## How to complete this task
Copy the data precisely, character for character, and leave out every picture.

## Stored data

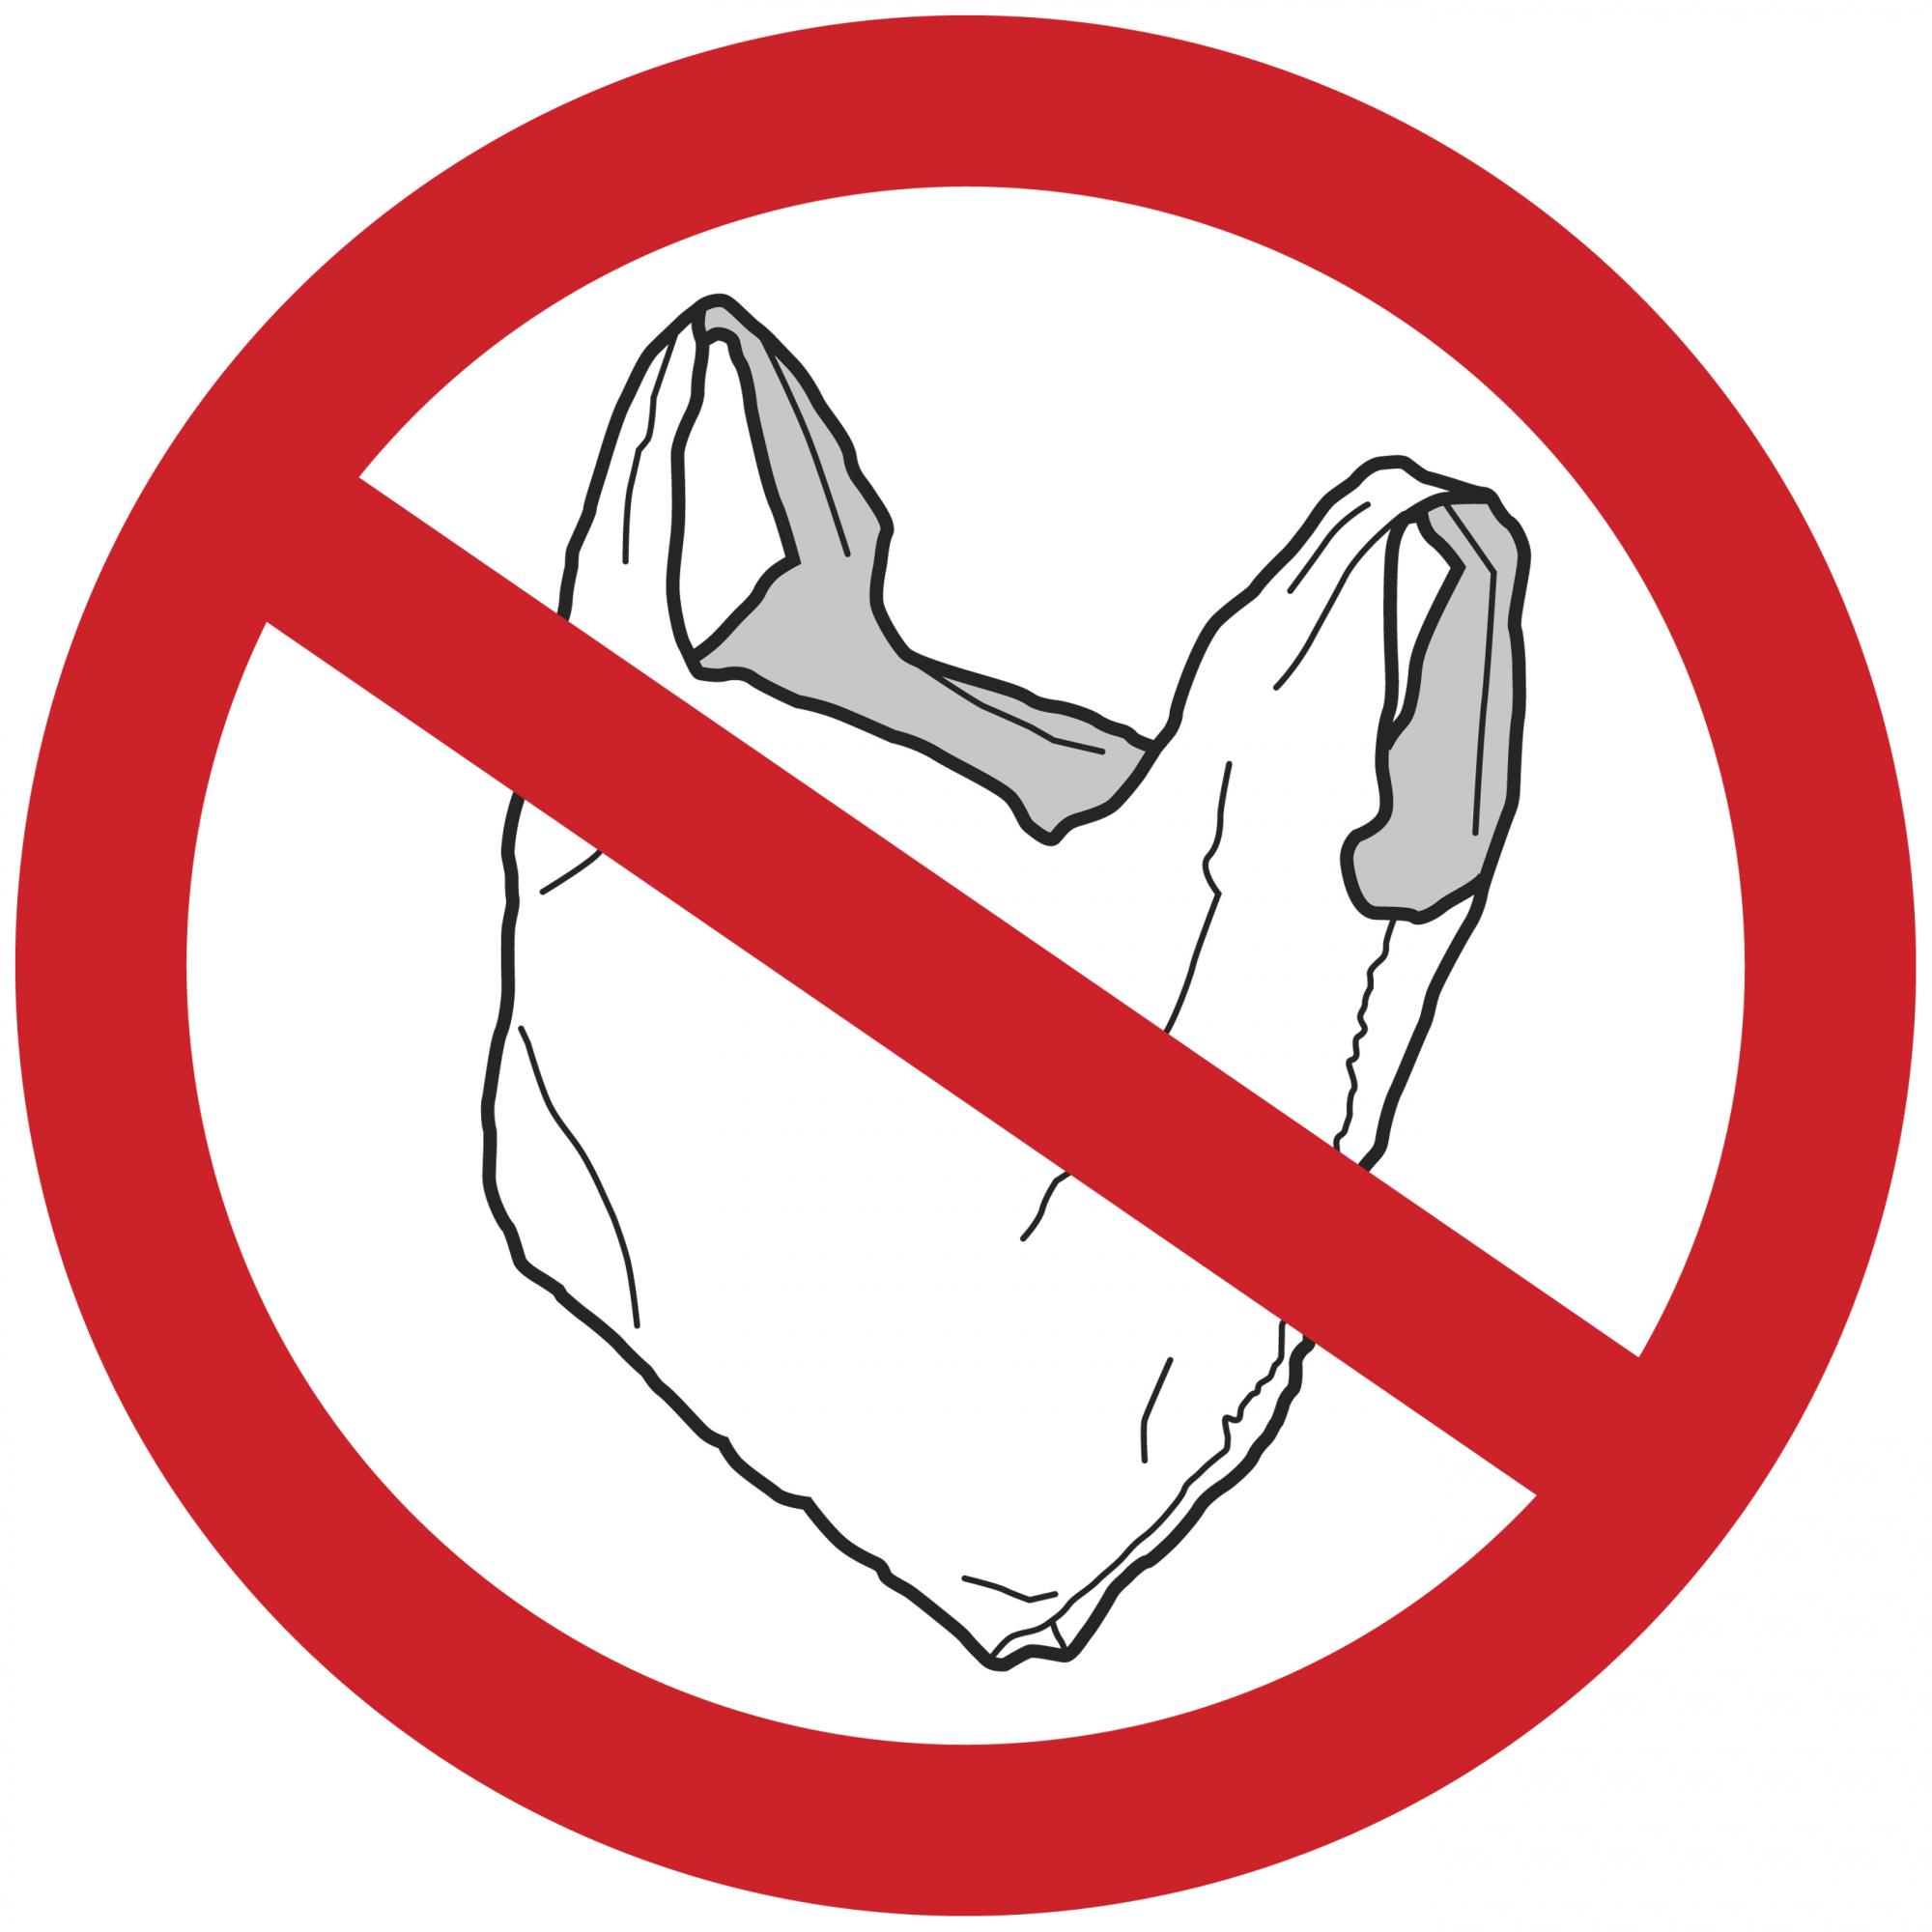 Plastic Bags Are Ruining Our Planet | Take Action @ GreaterGood.com
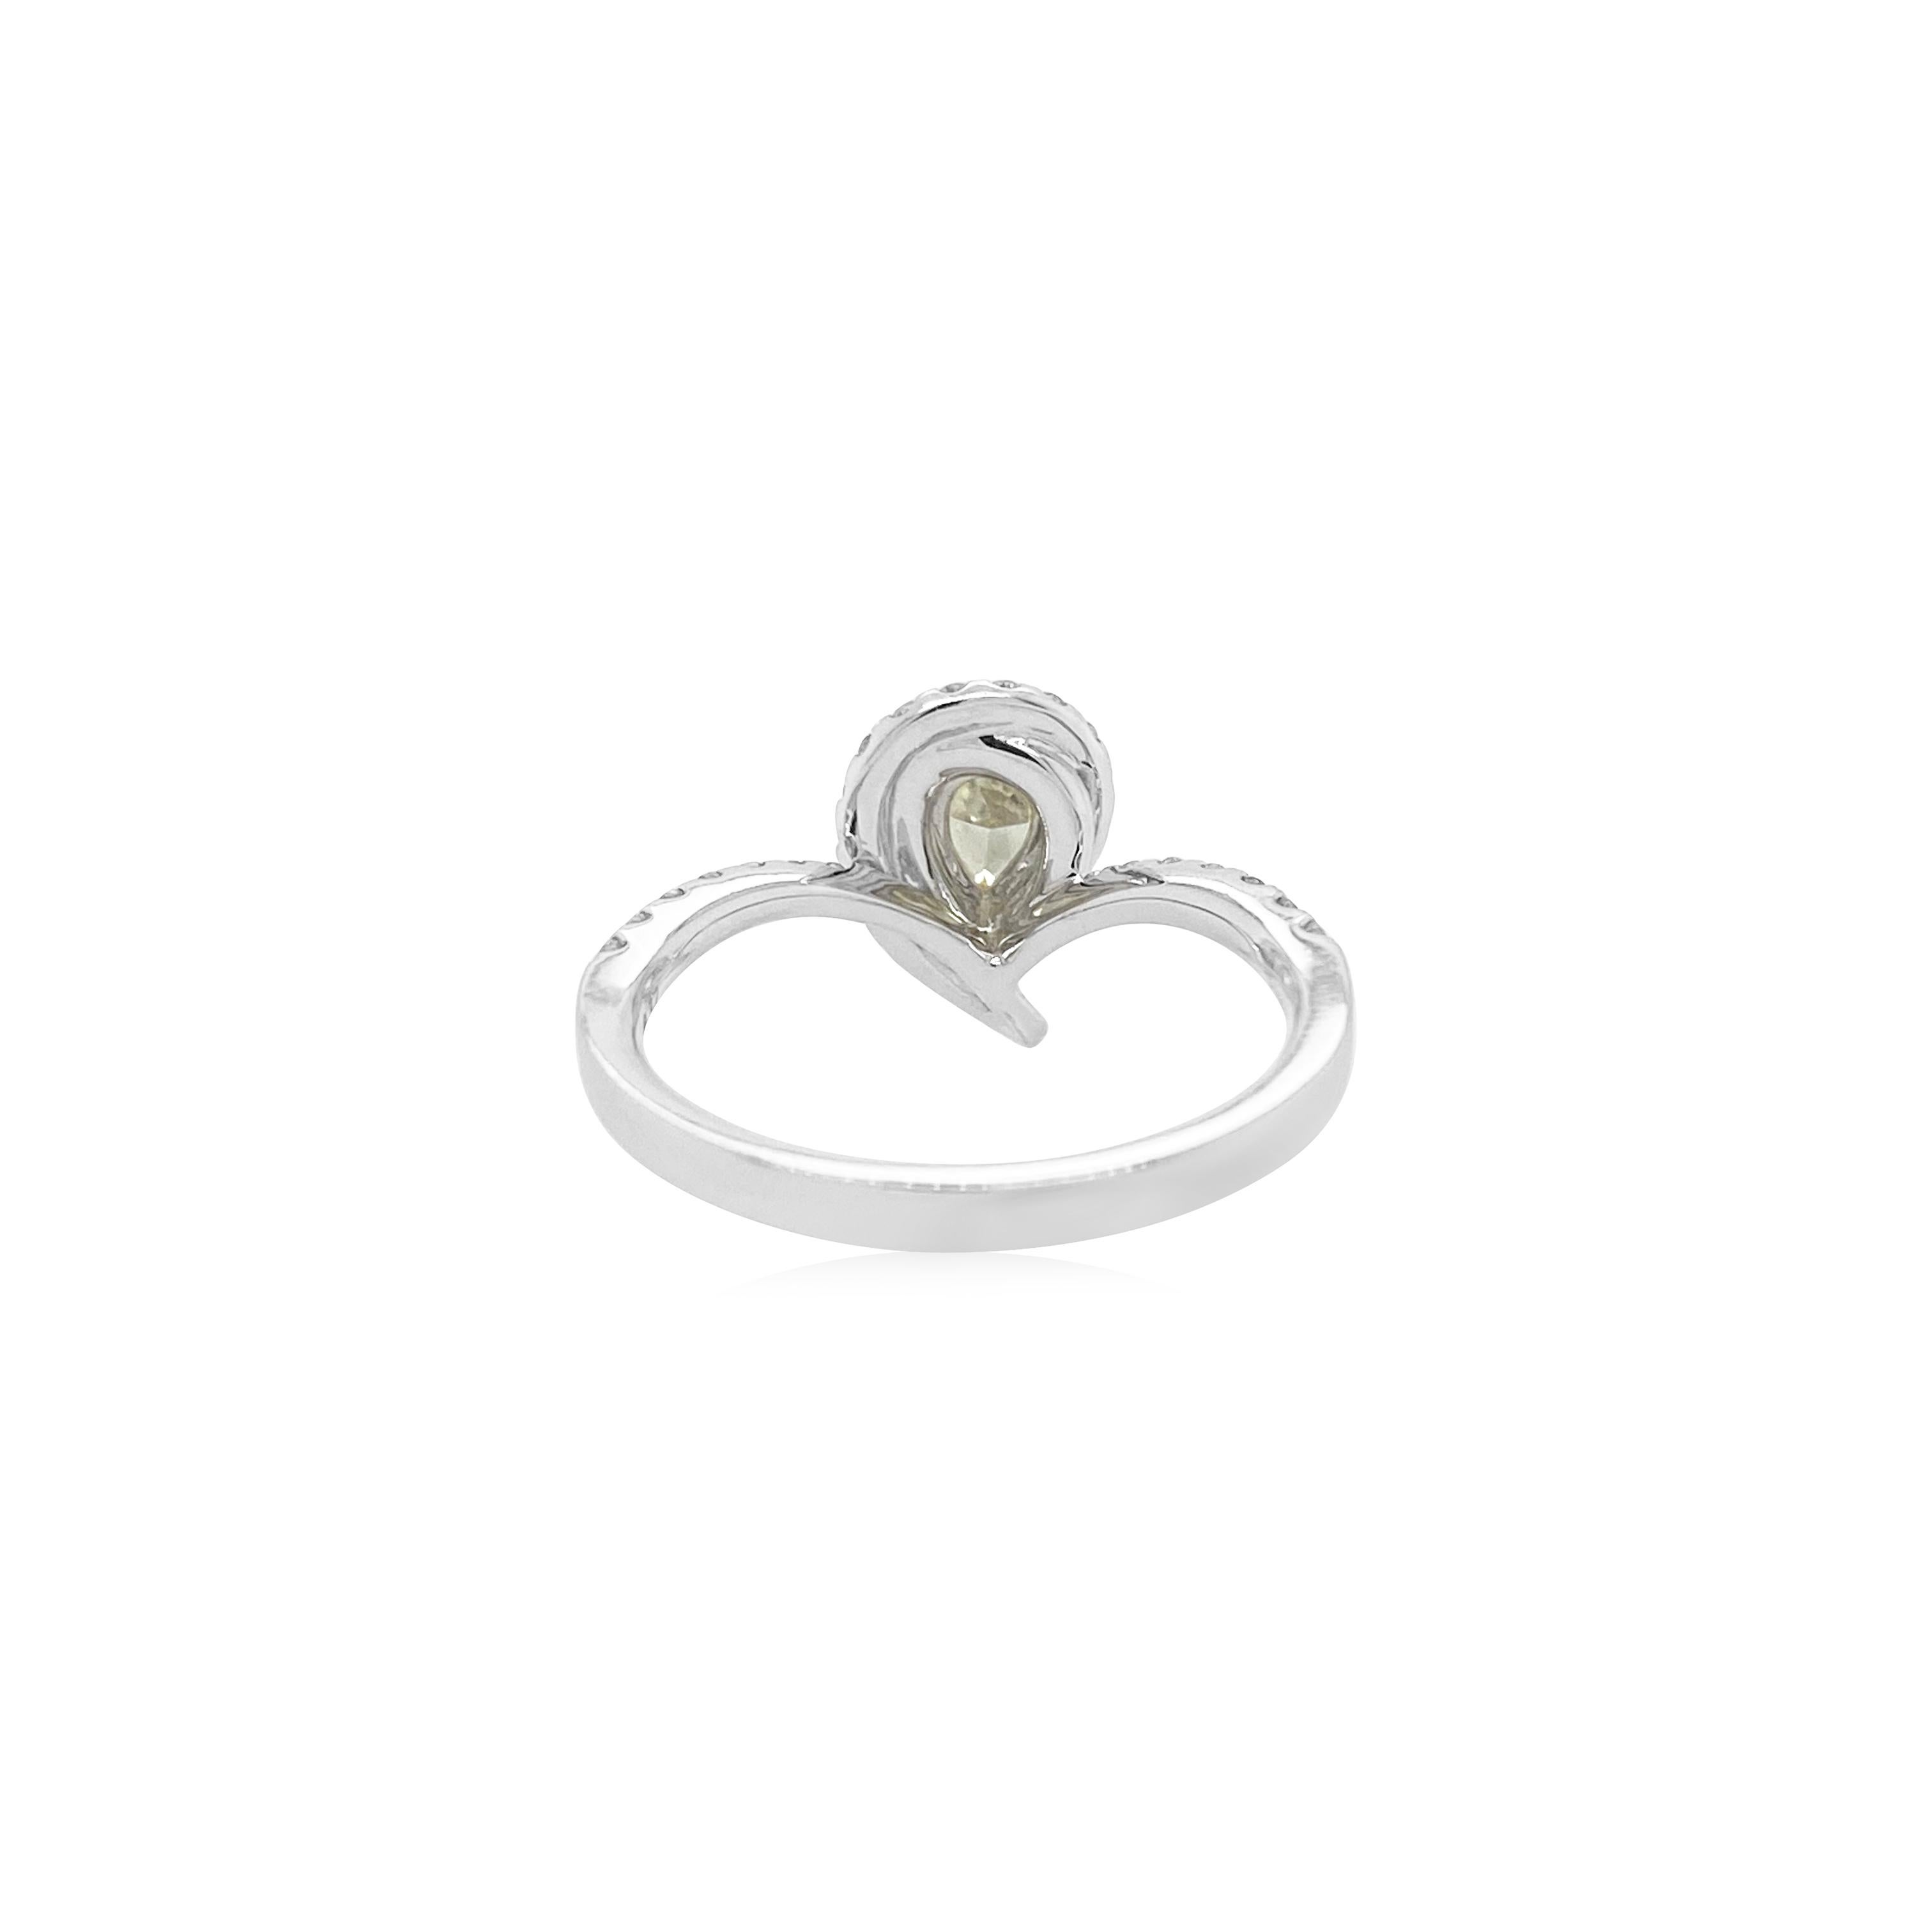 Unique and gorgeous Intense Yellow pear shape Diamond ring. The radiance of diamond is enhanced by scintillating brilliant cut white diamonds.

-	Centre Diamond is CGL Lab Certified Fancy Intense Yellow diamond – 0.313 ct
-	Round Brilliant Cut White

## Solution below
 Plastic Bags Are Ruining Our Planet | Take Action @ GreaterGood.com
 Unique and gorgeous Intense Yellow pear shape Diamond ring. The radiance of diamond is enhanced by scintillating brilliant cut white diamonds.

-	Centre Diamond is CGL Lab Certified Fancy Intense Yellow diamond – 0.313 ct
-	Round Brilliant Cut White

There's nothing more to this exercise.